One note of warning: be cautious with supplements. Manufacturers may try to make you believe that certain nutrients can help boost melanin production, but there may be risks, and most of these supplements are not tested by any outside regulatory agencies. We may soon have some other options that we know are safe, but meanwhile, always use caution before believing any marketing hype.
In addition to these steps, you can also use some at-home gray hair remedies to help you avoid dyes. Some good ones to try include:
- Coffee and tea—if you have dark hair, these can help cover your grays. Simply brew like usual, mix with some leave-in conditioner, and let sit on your hair for 30-60 minutes.

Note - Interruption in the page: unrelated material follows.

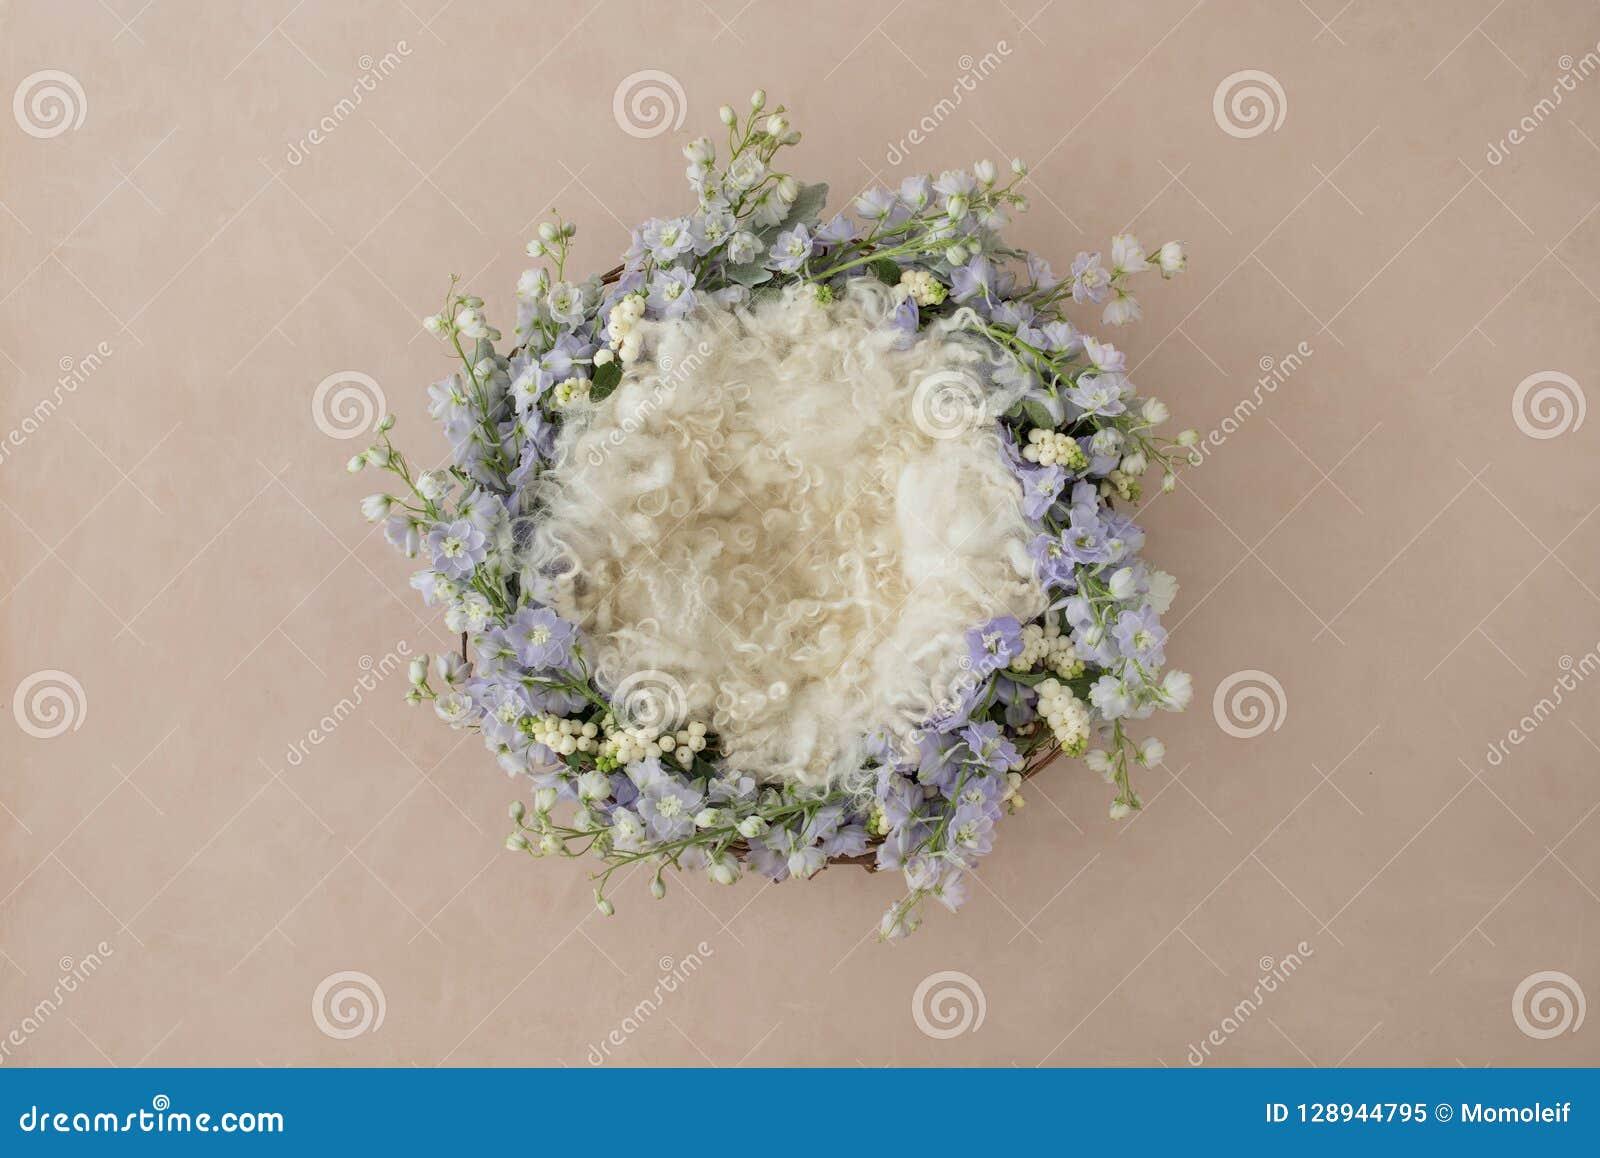 Fondo precioso para el bebé recién nacido, concepto de la flor de vagos recién nacidos

Depending on your shade, choose your flavors: black tea for dark colors, rooibos for redheads, and chamomile for blondes.
- Herbs—rosemary and sage, amaranth, black seed oil, curry, henna, and more can all help cover the grays. For dark hair, choose rosemary, nettle, and sage. Red hair works best with rosehips, hibiscus, henna, and marigold. Blondes go for chamomile, safflower, and sunflower petals. Simmer in water, then strain, combine with a carrier oil or conditioner, and allow to stay on the hair for 30-60 minutes before rinsing off.

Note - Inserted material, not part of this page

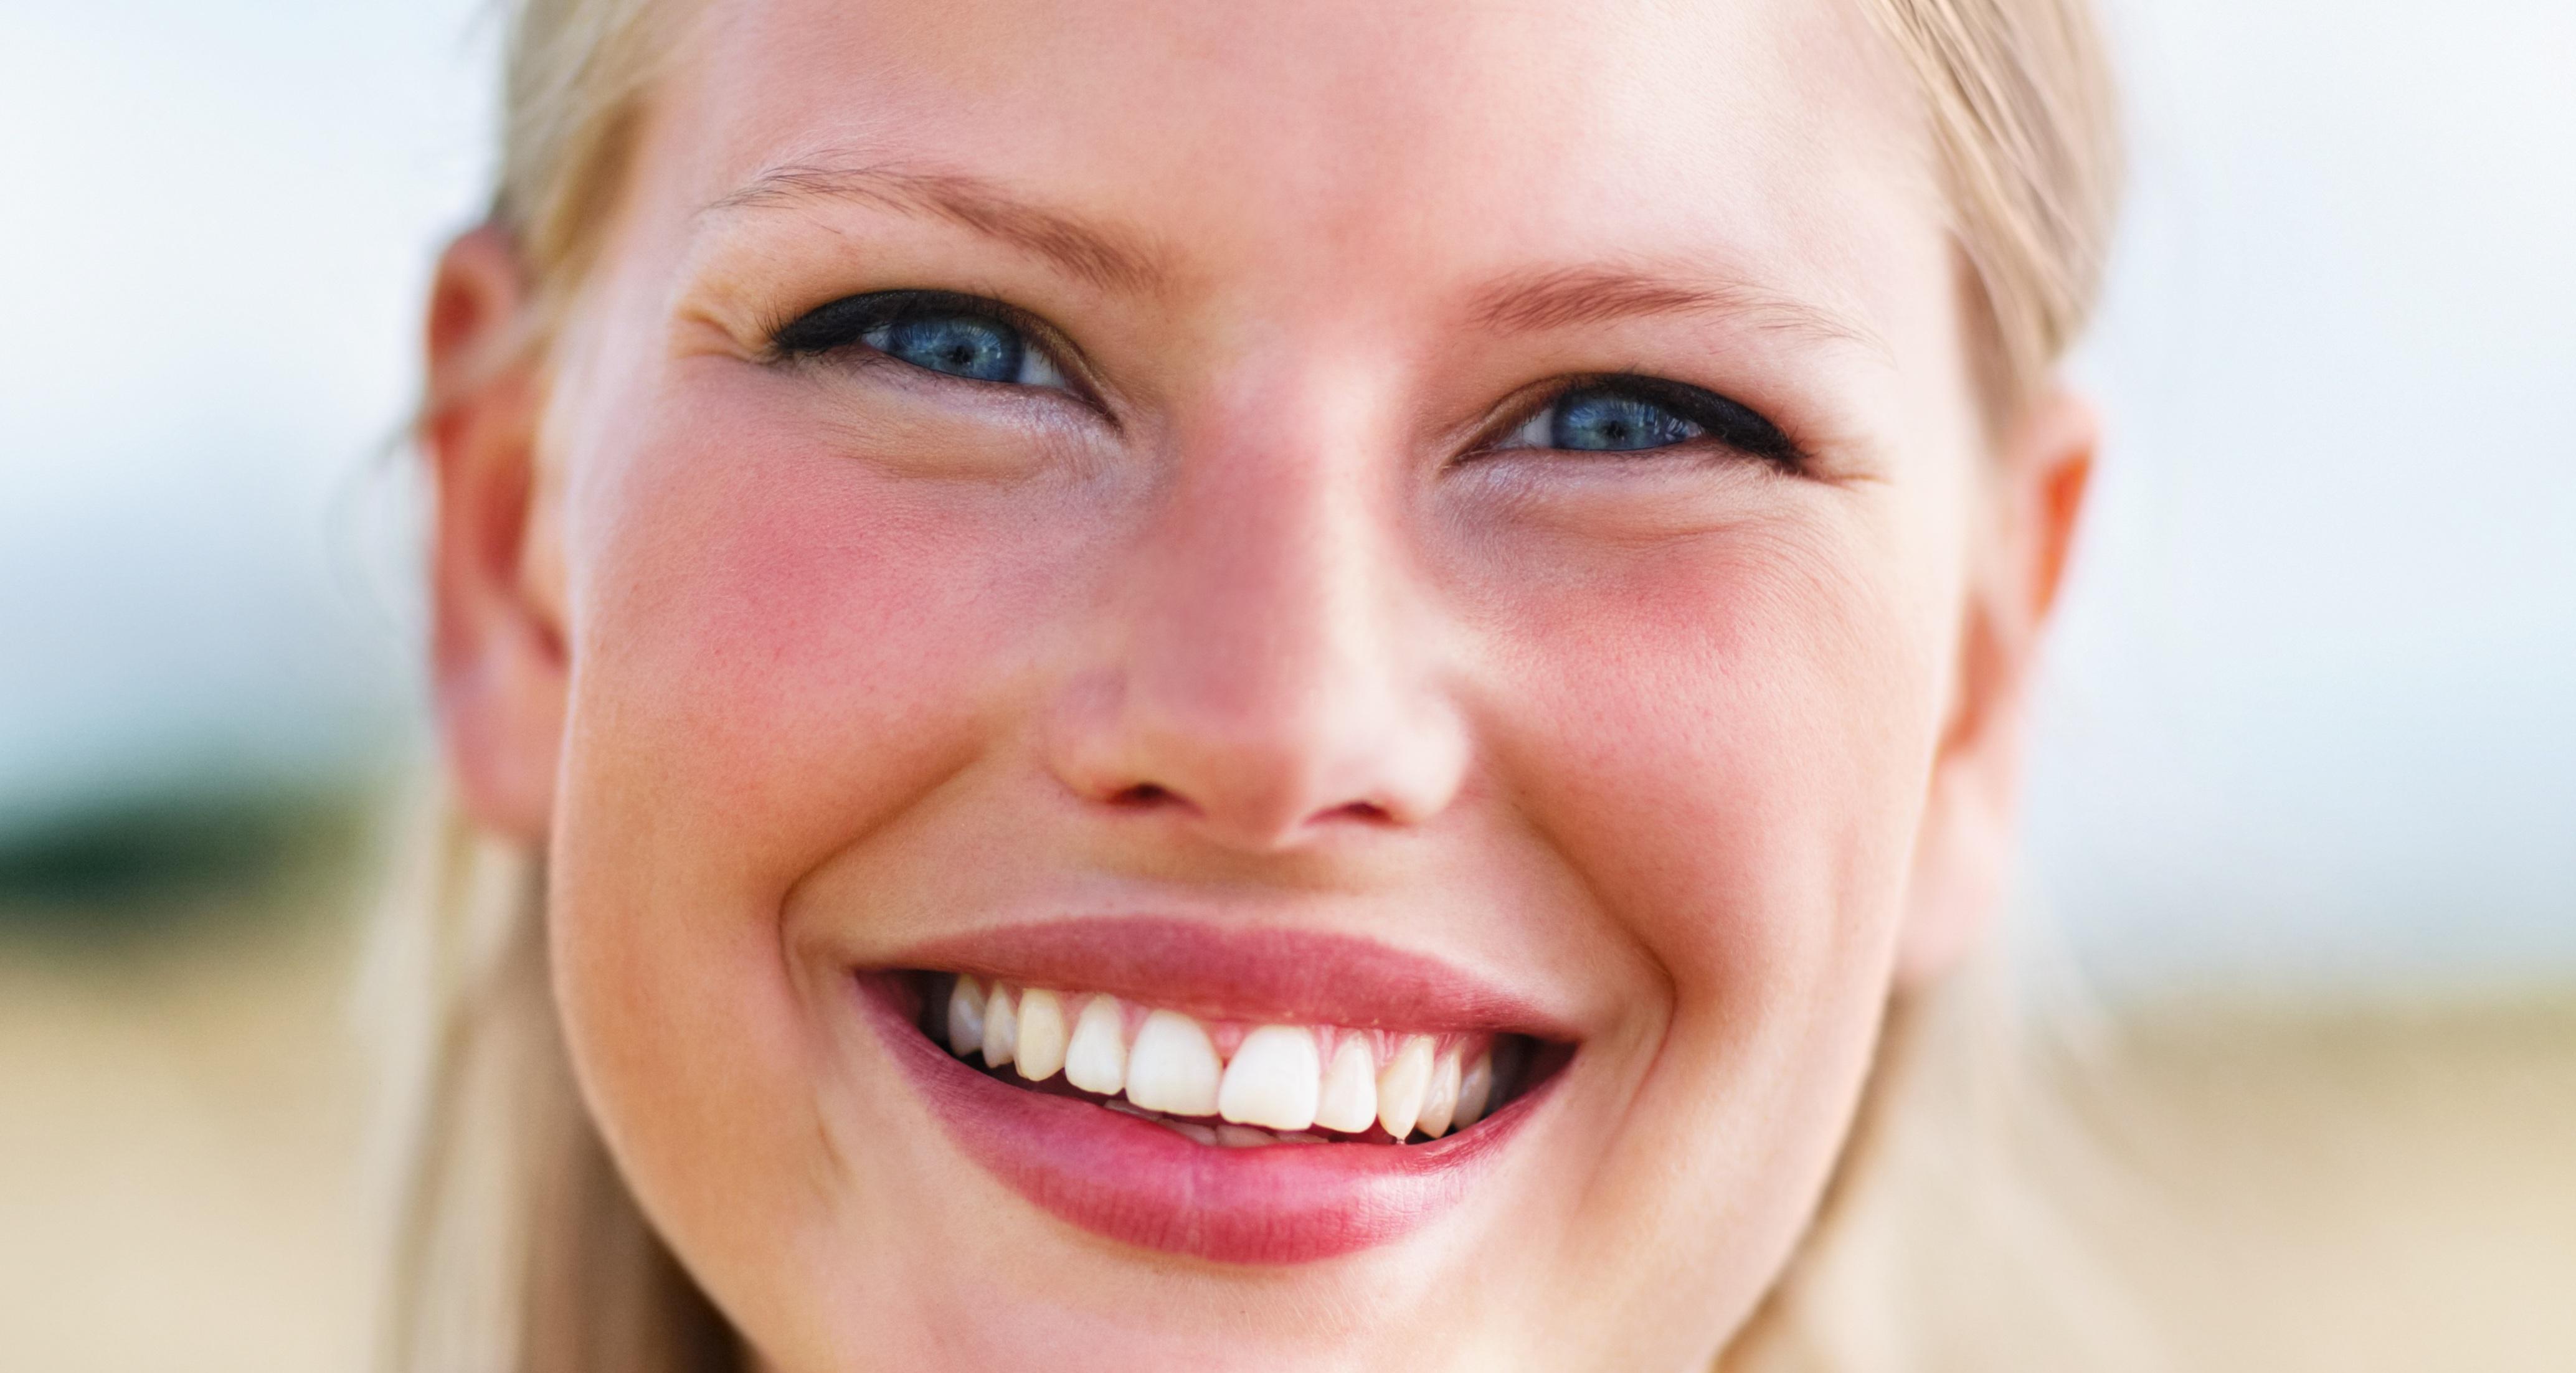 Cinco Doenças da Boca Que Aparecem, Se Não Tomar Cuidado

- Beet and carrot juices: These add a reddish tinge to your hair, and can also help cover grays. Simply apply the juice to your hair and let it sit.
If you do decide to embrace your gray, realize that gray hair is dry and dull by nature. To make it look good, regularly apply deep conditioner, try some brightening shampoos and other brightening hair products, and always keep your cut and style well groomed.